Does this seem correct ?
@hariharans29 : Yep, you are correct Hari that the corresponding scales also should be a nop. We have such logic in WinML for the GPU case that checks whether the leading scales are 1's and selects a faster shader of pure bilinear resampling if it only affects the last channels, since it's faster than quadrilinear sampling and returns identical results anyway.

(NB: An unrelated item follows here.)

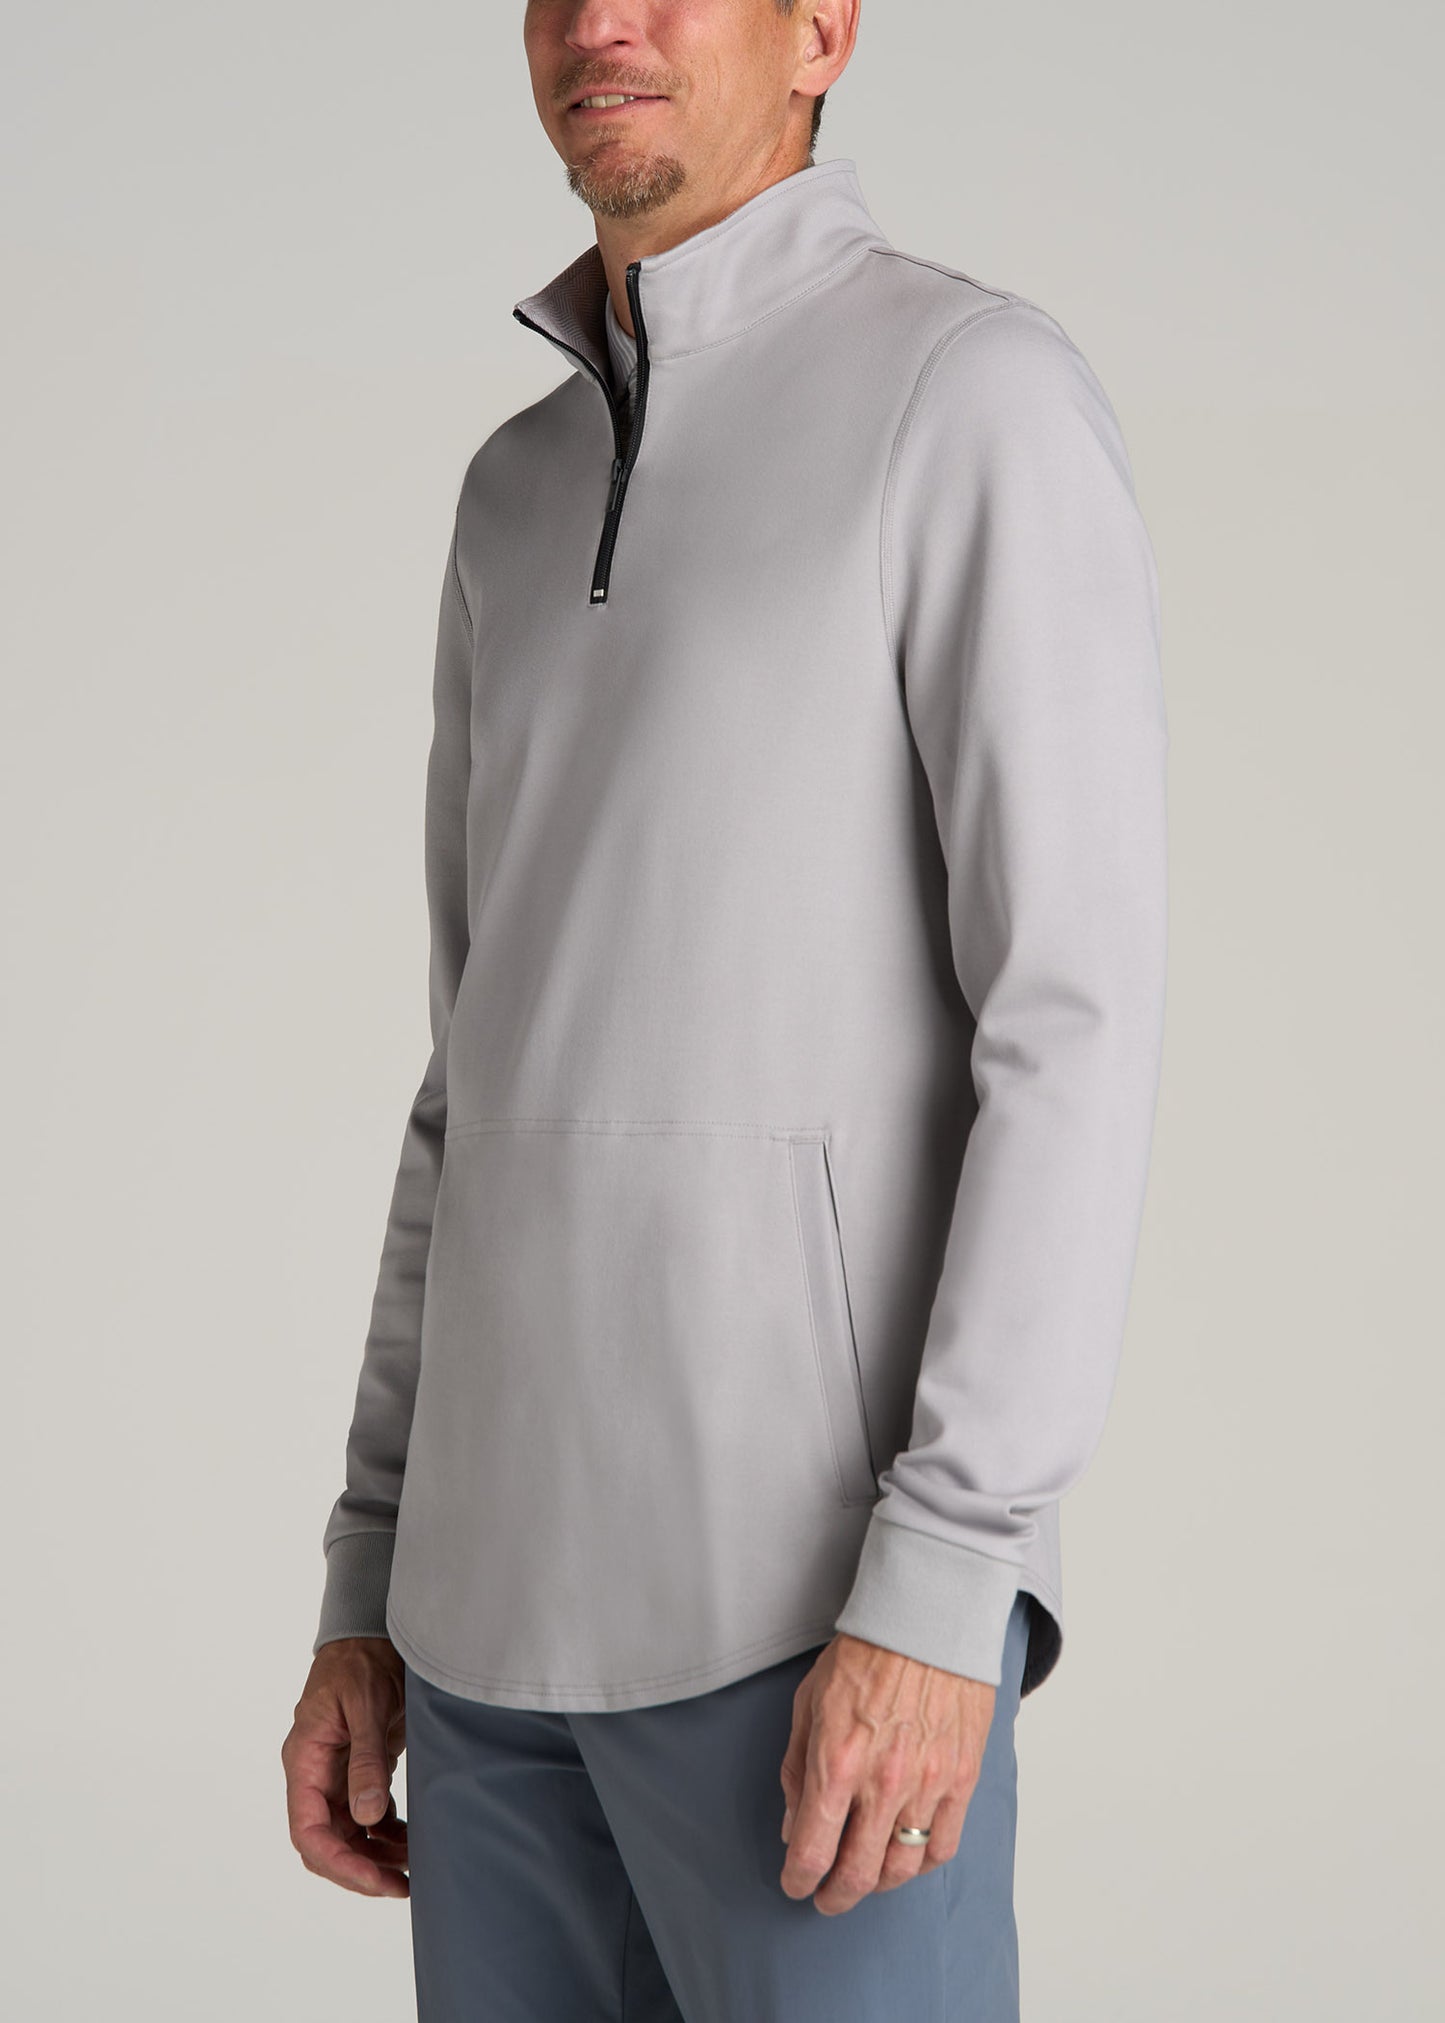 Fairway Popover Tall Men's Sweatshirt in Light Grey

Given a 4D tensor, for a specific output element, we read 16 samples and compute the interpolation fractions along each dimension:
// INTERPOLATED_DIMENSION_COUNT >= 4
samples[0] = lerp(samples[0], samples[ 8], inputCoordinateFractions[0]);
samples[1] = lerp(samples[1], samples[ 9], inputCoordinateFractions[0]);
samples[2] = lerp(samples[2], samples[10], inputCoordinateFractions[0]);
samples[3] = lerp(samples[3], samples[11], inputCoordinateFractions[0]);
samples[4] = lerp(samples[4], samples[12], inputCoordinateFractions[0]);
samples[5] = lerp(samples[5], samples[13], inputCoordinateFractions[0]);
samples[6] = lerp(samples[6], samples[14], inputCoordinateFractions[0]);
samples[7] = lerp(samples[7], samples[15], inputCoordinateFractions[0]);
// INTERPOLATED_DIMENSION_COUNT >= 3
samples[0] = lerp(samples[0], samples[4], inputCoordinateFractions[1]);
samples[1] = lerp(samples[1], samples[5], inputCoordinateFractions[1]);
samples[2] = lerp(samples[2], samples[6], inputCoordinateFractions[1]);
samples[3] = lerp(samples[3], samples[7], inputCoordinateFractions[1]);
// INTERPOLATED_DIMENSION_COUNT >= 2
samples[0] = lerp(samples[0], samples[2], inputCoordinateFractions[2]);
samples[1] = lerp(samples[1], samples[3], inputCoordinateFractions[2]);
outputValue = lerp(samples[0], samples[1], inputCoordinateFractions[3]);
When the first 2 scales are 1 (meaning the fractions are either fully 0 or 1), then all those equations disappear, leaving just:
// INTERPOLATED_DIMENSION_COUNT >= 2
samples[0] = lerp(samples[0], samples[2], inputCoordinateFractions[2]);
samples[1] = lerp(samples[1], samples[3], inputCoordinateFractions[2]);
outputValue = lerp(samples[0], samples[1], inputCoordinateFractions[3]);
...which is the bilinear logic that ORT supports currently.
Hi @fdwr,
The open PR should be address your major concern - Pure 2D inputs will now be supported for the 'bilinear' case. It still supports the case of a 4D input boiling down to a 'bilinear' case (with outermost 2 scales being 1), but it stops short of adding support for the may other special N-D cases that boil down to a 'bilinear' case. So it should be a conservative middle-ground.
Thanks!
hi @hariharans29 i meet a problem when i use resize op, could you help me?
refer to issue reported in ONNX onnx/onnx#2267.